Ante aquel desfile debí de sentir algo parecido a lo que sintieron los primeros conquistadores que encontraron oro en América, o lo que sintió Bernadette Soubirous al ver a la Virgen en la gruta de Massabielle. En cualquier caso no estaba preparada y lo que vi me explotó por dentro como explotan las palmeras en el cielo. Al caer la tarde entré en una iglesia y vi una inscripción en la pila bautismal: "Lavad vuestros pecados, no sólo vuestra cara". Luego supe que era la traducción de un palíndromo griego e inmediatamente pensé en "In girum imus nocte et consumimur igni". (*)

Aquellos días la calle olía a incienso, a azahar, a lluvia y a pescado frito. Una gitana gritaba en una esquina levantando sus ramitas de falso romero. Le traigo la suerte, señora, la suerte por la voluntad. Oía su voz perderse a mi espalda mientras caminaba desorientada intentando entender todo lo que ocurría a mi alrededor.

Un músico callejero me hizo pensar en Moondog, que se quedó ciego con 16 años después de que le estallara un cartucho de dinamita en la cara. En 1943 abandonó la granja de sus padres en Kansas y se trasladó a Nueva York. Vivió en la calle hasta 1972, ataviado con un yelmo, una lanza y una capa que se hizo en homenaje al dios nórdico Thor. Lo llamaban el vikingo de la Sexta Avenida. Durante tres décadas se dedicó a vender sus poemas y a tocar instrumentos que él mismo fabricaba.
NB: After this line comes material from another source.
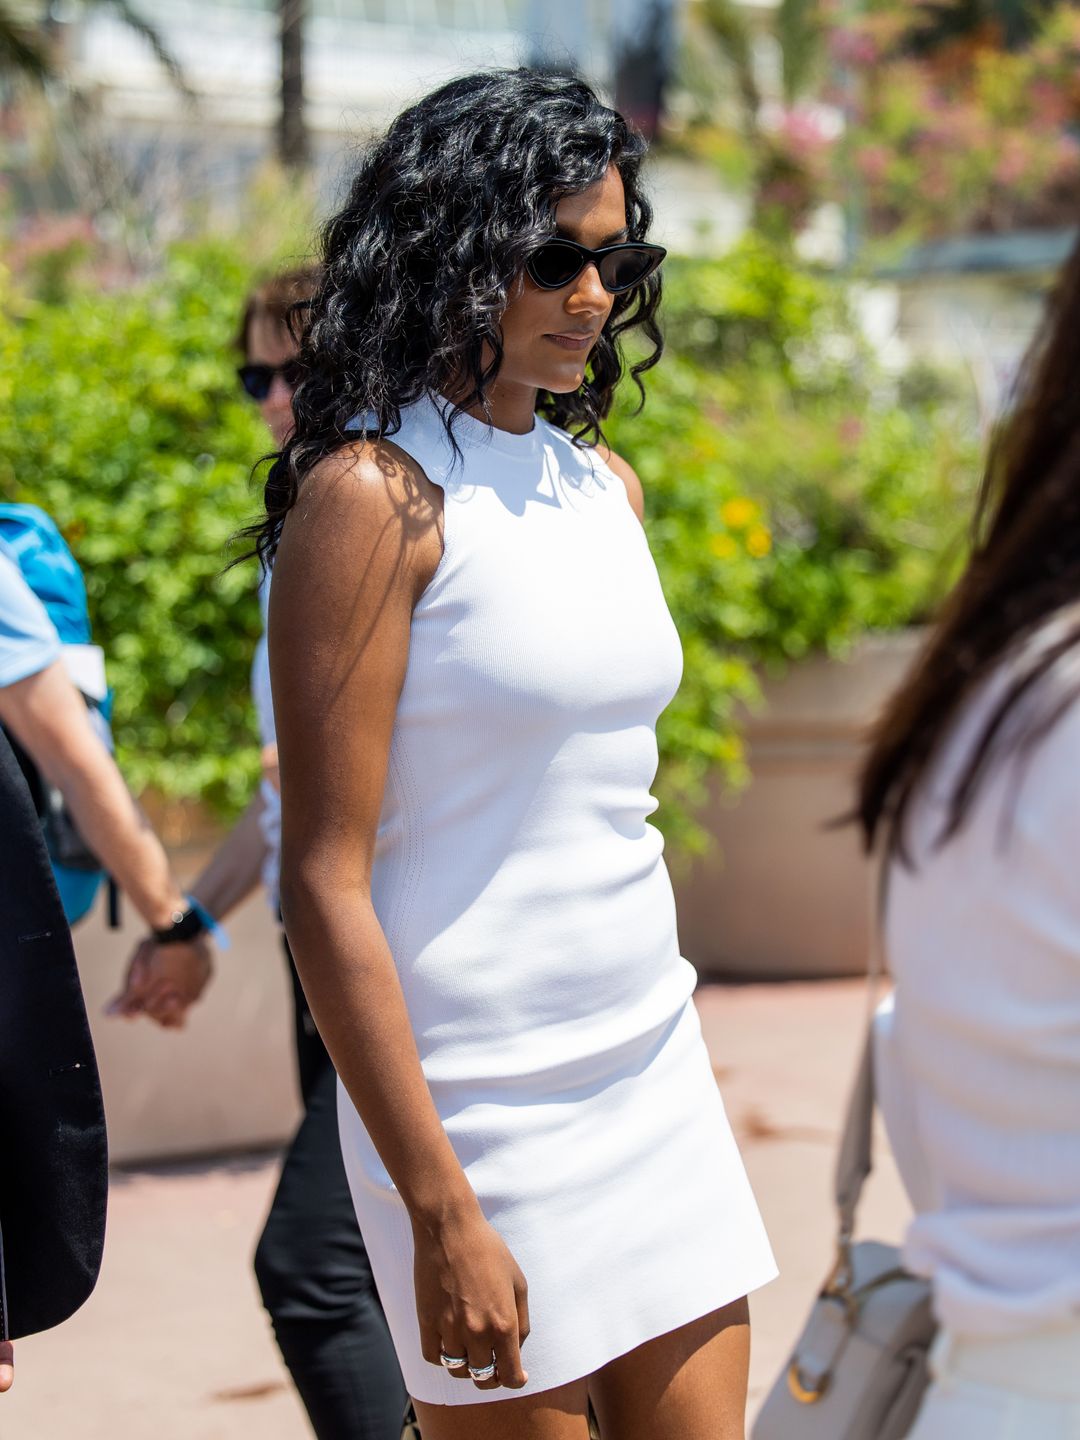 Bridgerton's Simone Ashley opted for a cool white mini dress and sunglasses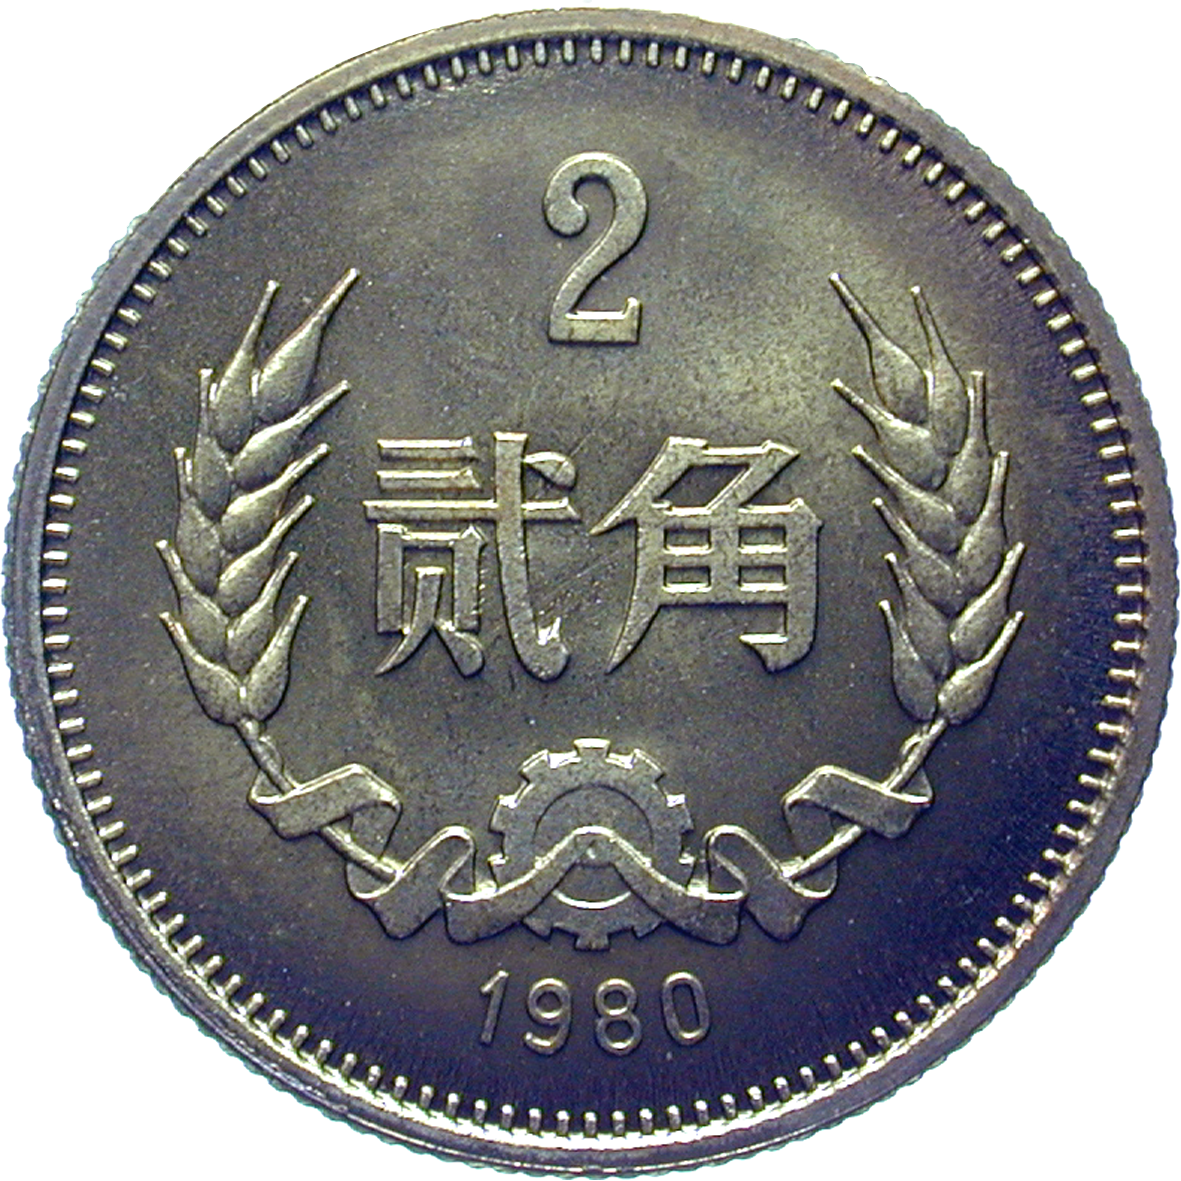 Volksrepublik China, 2 Jiao 1980 (reverse)

A menudo se quedaba de pie en la acera, en silencio, y mucha gente se le acercaba y hablaba con él sin sospechar que debajo de aquella barba larga se escondía un genio. Luego emigró a Alemania, donde siguió haciendo música hasta que murió a los 83 años de un ataque al corazón.

El anciano que toca frente a la catedral también vende poemas y tiene la barba muy larga. No sabría decir si está ciego, borracho o enajenado. Al pasar junto a él, las madres agarran la mano de sus hijos, los niños le señalan con el dedo, los adolescentes pisan sus papeles. Yo me sorprendo tarareando la canción de Sr. Chinarro que empieza: "Corona de espinas, tus hijos no te olvidan" y acaba repitiendo en bucle: "Era broma, era broma".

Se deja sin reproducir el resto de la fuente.